• [Aim of the exercise] Repeat the whole listing word for word, skipping pictures.
**** Information shown
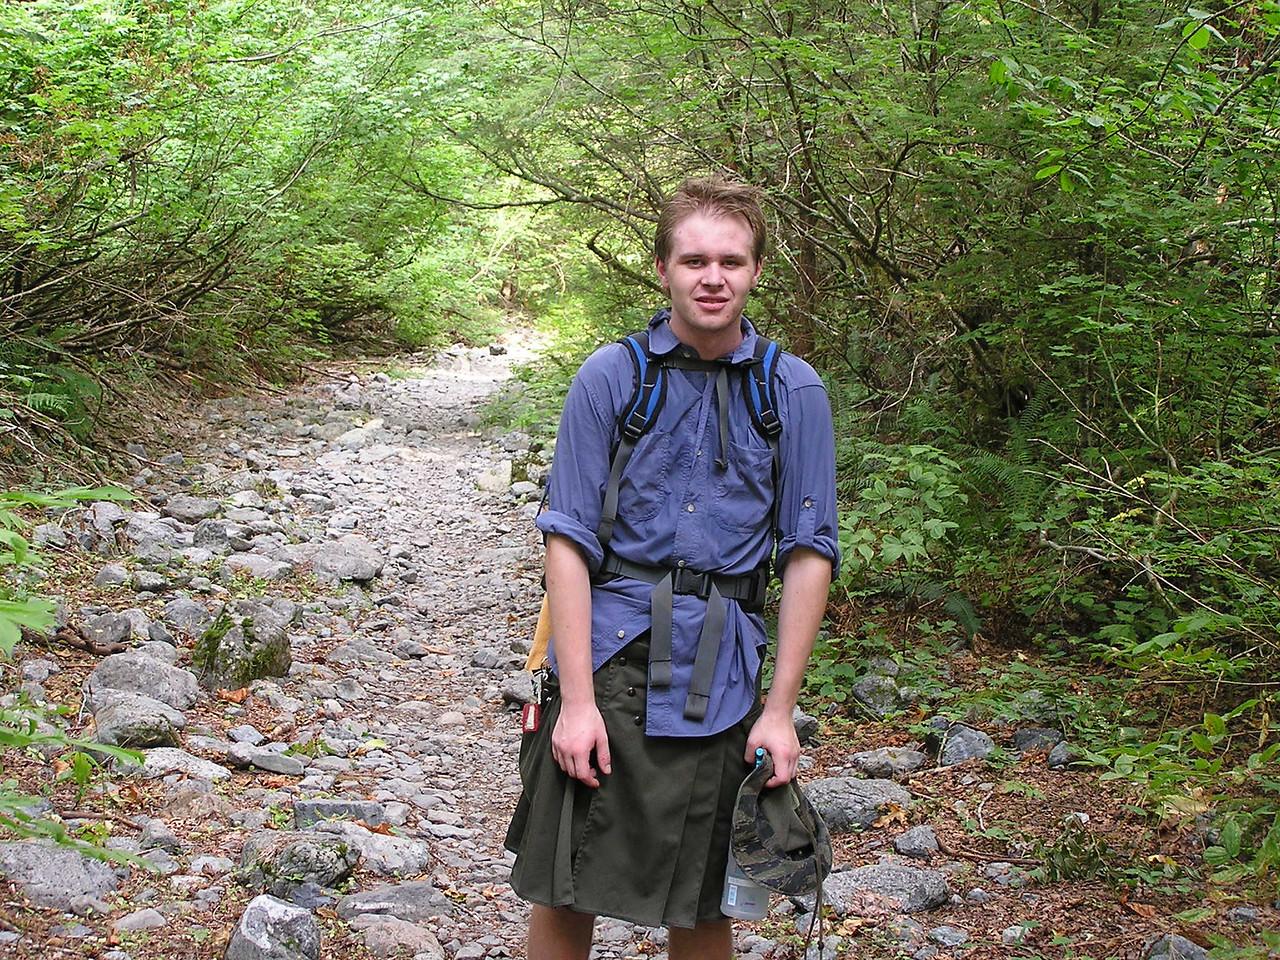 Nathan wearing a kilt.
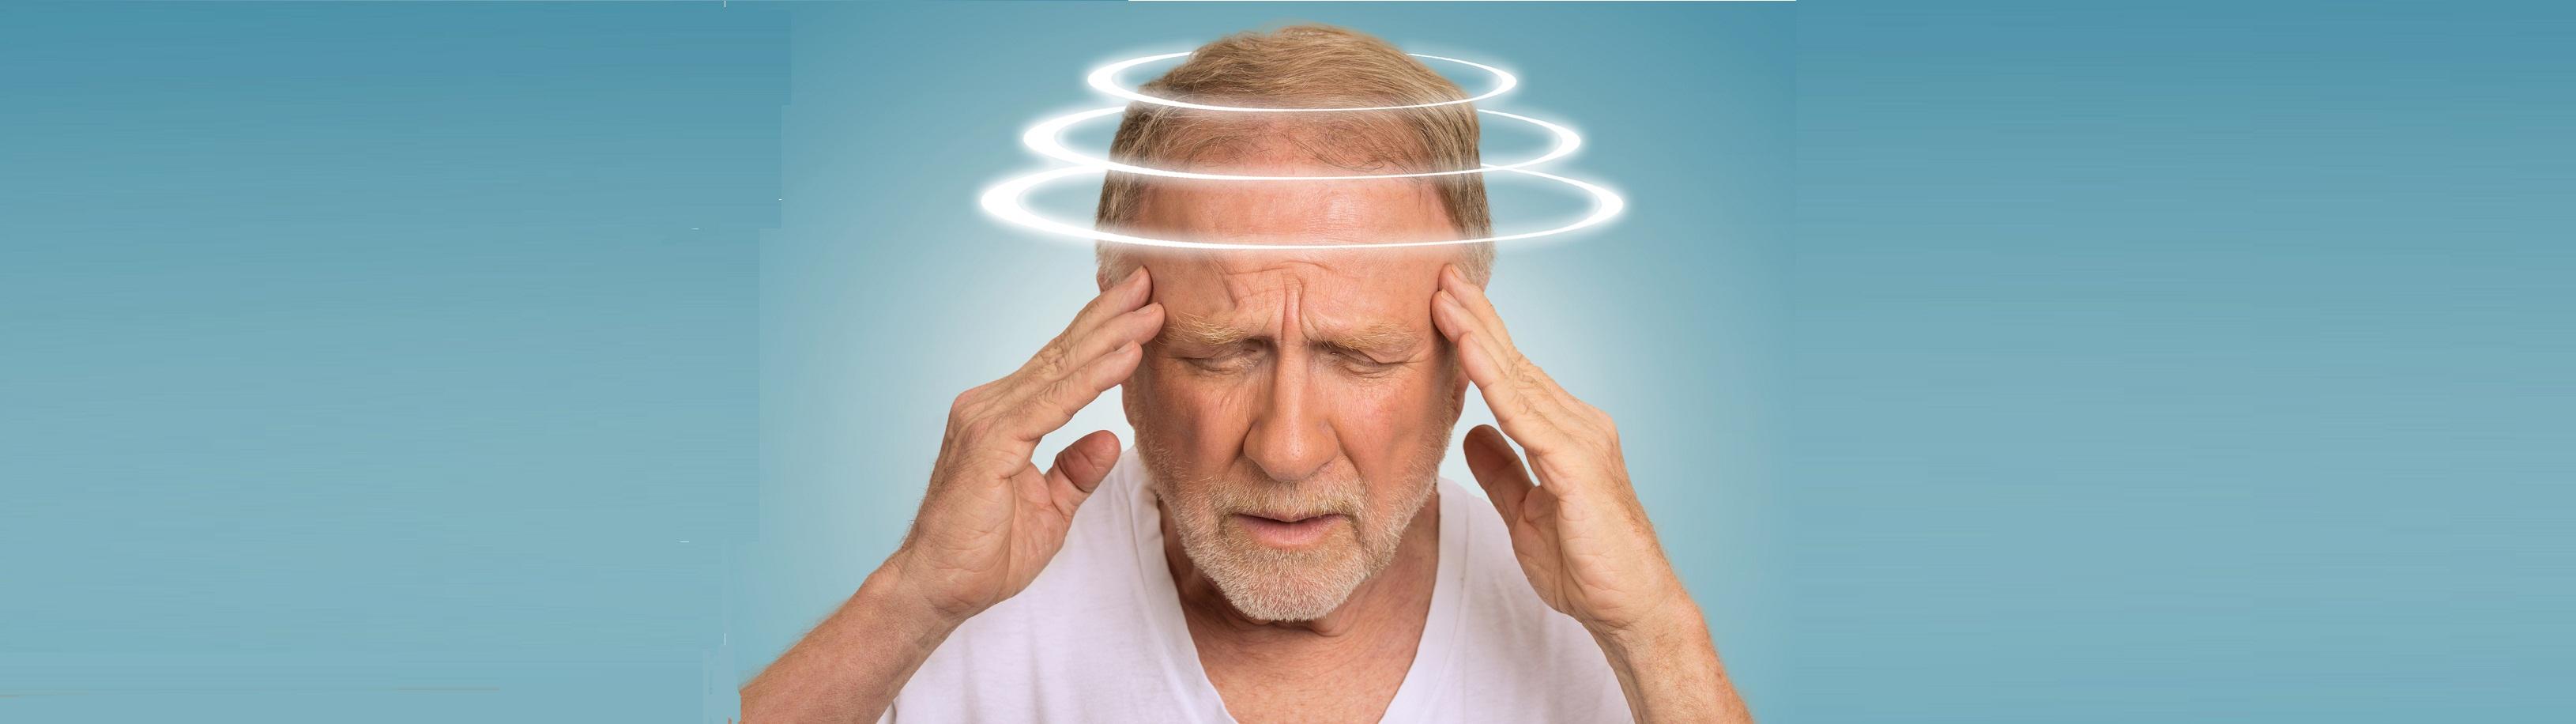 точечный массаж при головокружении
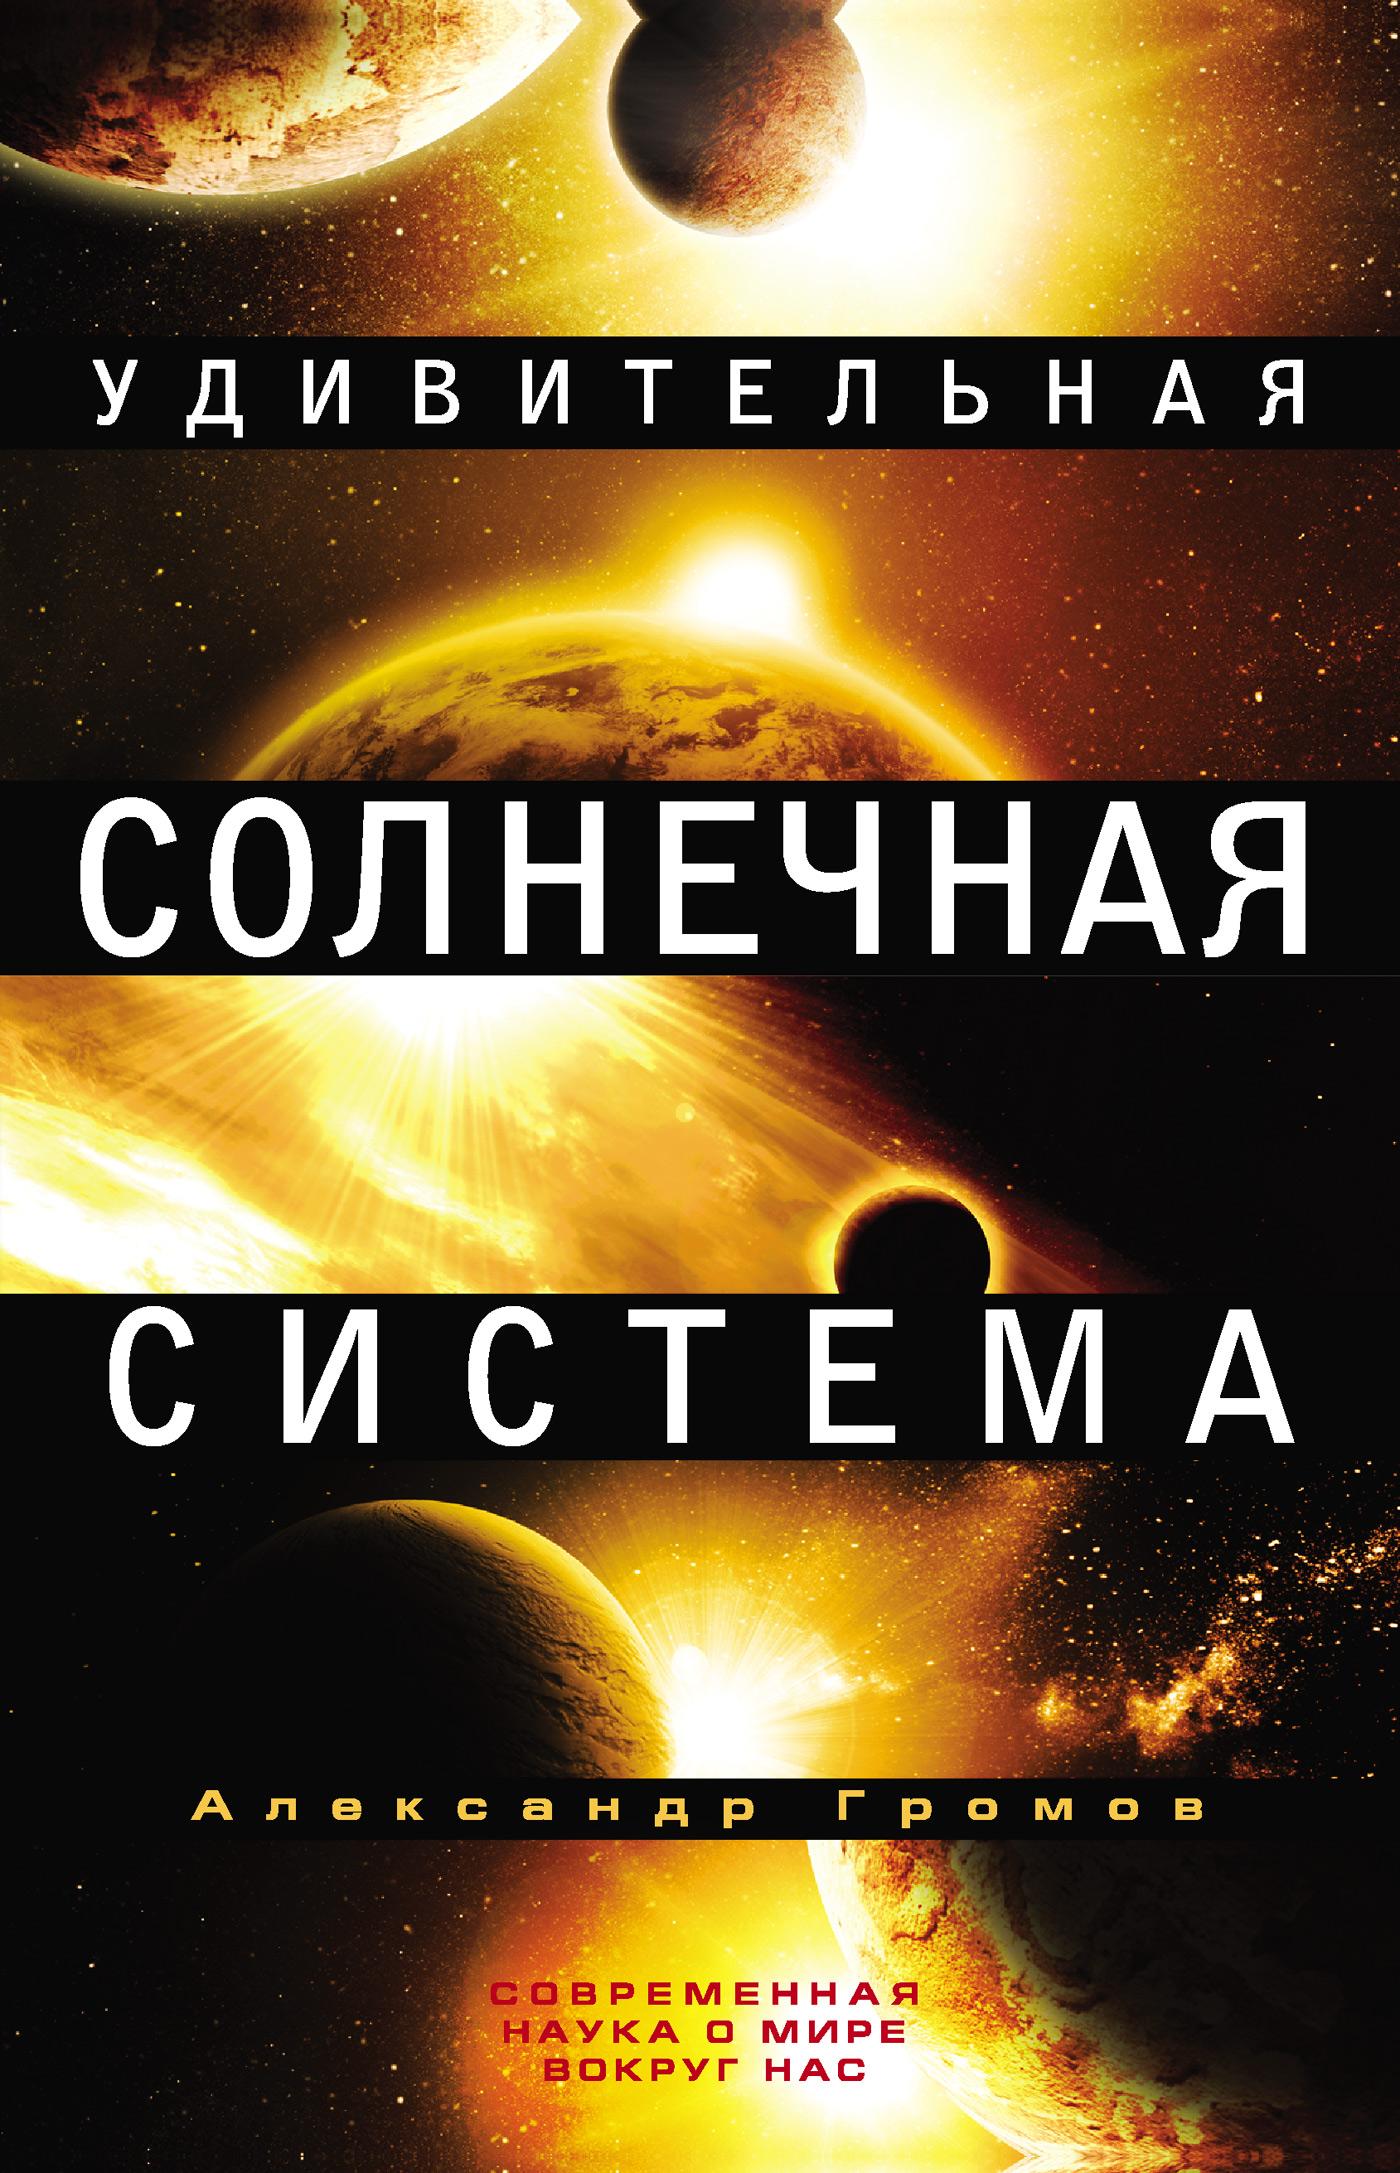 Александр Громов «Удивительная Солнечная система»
********
• [Result]
 Nathan wearing a kilt.
 точечный массаж при головокружении
 Александр Громов «Удивительная Солнечная система»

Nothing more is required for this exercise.